Jakarta (ANTARA News) - Usaha Mikro Kecil dan Menengah (UMKM) di Tanah Air kerap kali dibayangi kemungkinan gagal usaha yang demikian besar.

Satu sebab yang jaring disadari adalah masih rendahnya literasi dan inklusi keuangan pada diri para pelaku UMKM tersebut.

UMKM yang merupakan 90 persen pelaku usaha di Indonesia umumnya belum mempunyai kemampuan untuk memahami pengetahuan serta keterampilan untuk mengelola sumber daya keuangan untuk mencapai kesejahteraan.

Gubernur Bank Indonesia (BI) Agus Martowardjojo mengungkapkan, sejatinya permasalahan dalam menjalankan UMKM tidak sebatas pada manajemen pengelolaan keuangan dan sumber daya yang terbatas semata, namun juga akses permodalan yang dimiliki para pelaku usaha.

Agus mengatakan, rendahnya tingkat literasi keuangan pelaku UMKM menjadi salah satu penyebab minimnya akses lembaga keuangan terhadap sektor tersebut.

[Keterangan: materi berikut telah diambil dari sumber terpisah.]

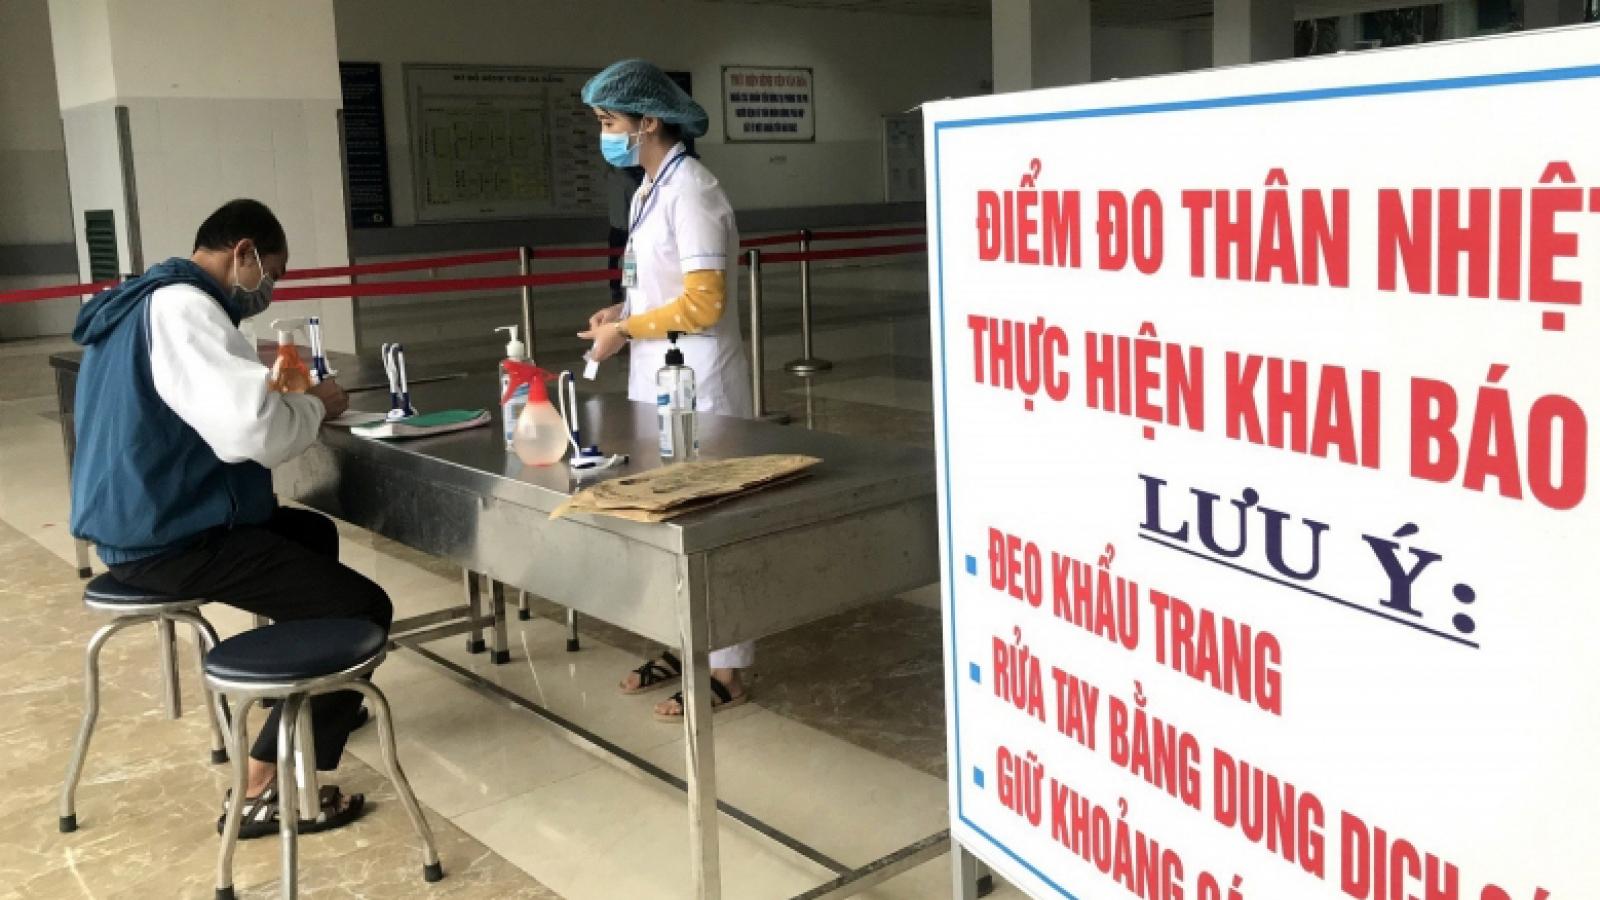 Cơ sở y tế Đà Nẵng mở rộng khám chữa bệnh, sẵn sàng trạng thái bình thường mới
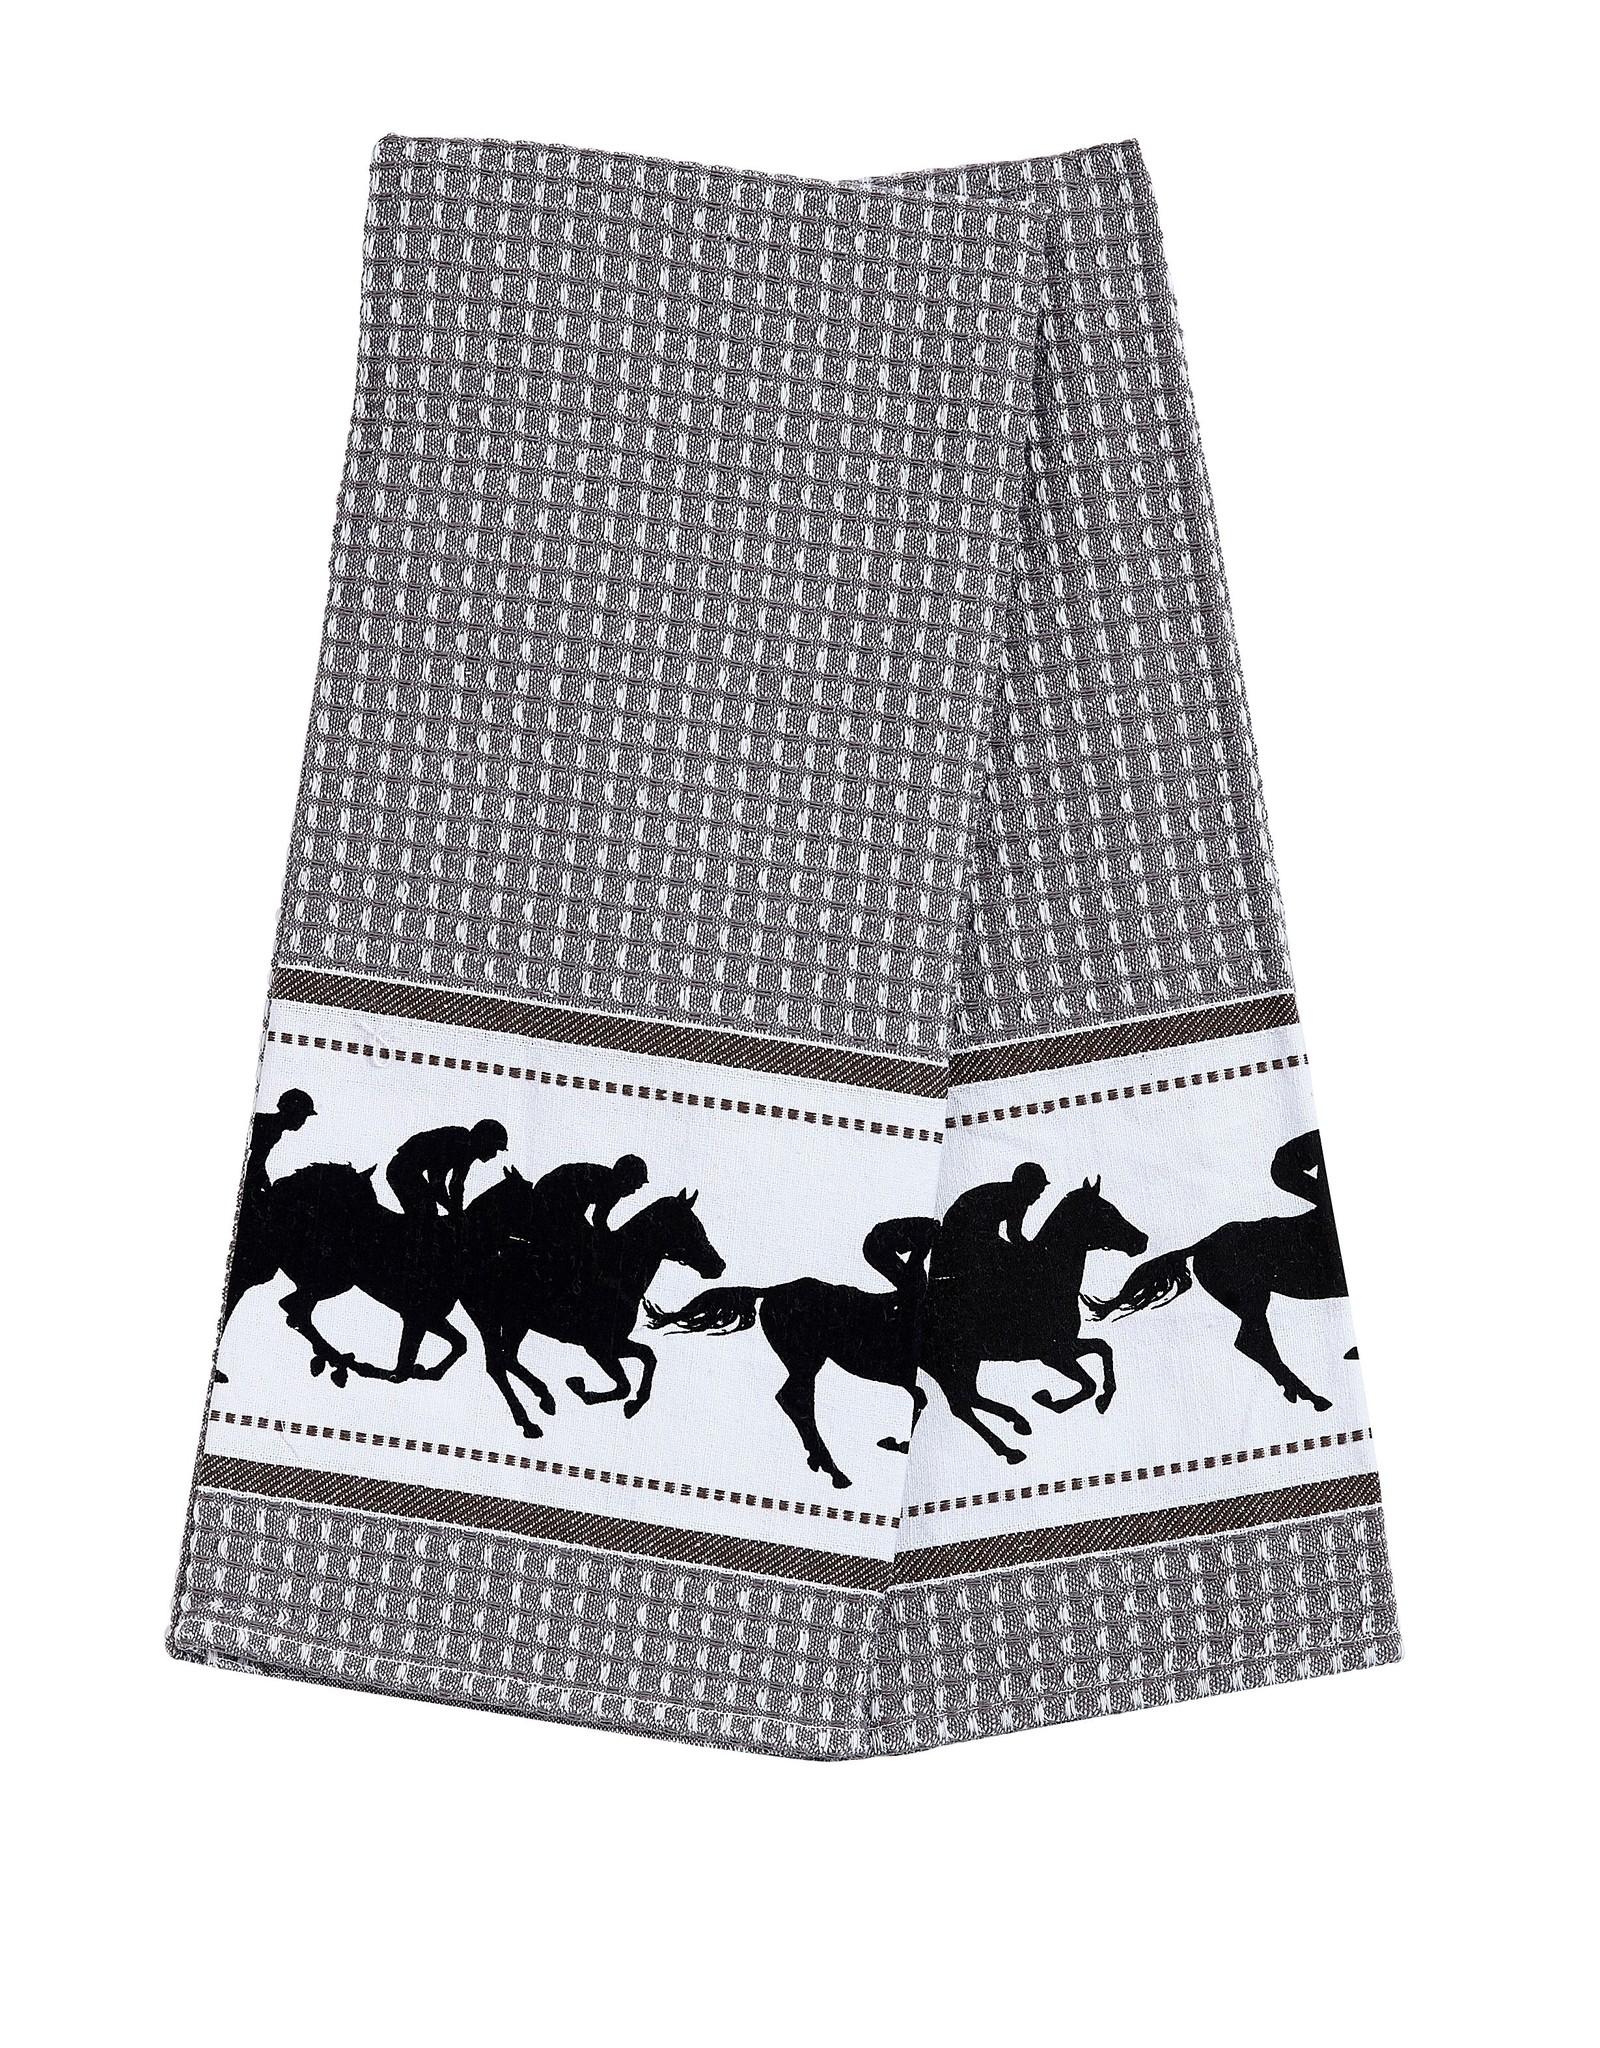 AWST RACE HORSE KITCHEN TOWEL

Ia menilai para pelaku UMKM cenderung kurang mengerti produk-produk keuangan yang ditawarkan oleh lembaga keuangan lainnya, sehingga hanya mampu bergantung pada pembiayaan perbankan yang manual dan konvensional.

"Hanya 36 persen orang dewasa di Indonesia yang memiliki rekening bank. Jauh di bawah negara-negara tetangga kita. Kami perlu menemukan solusi. Kita saat ini berada di dunia digital, keuangan digital dapat memberikan banyak manfaat," kata Agus.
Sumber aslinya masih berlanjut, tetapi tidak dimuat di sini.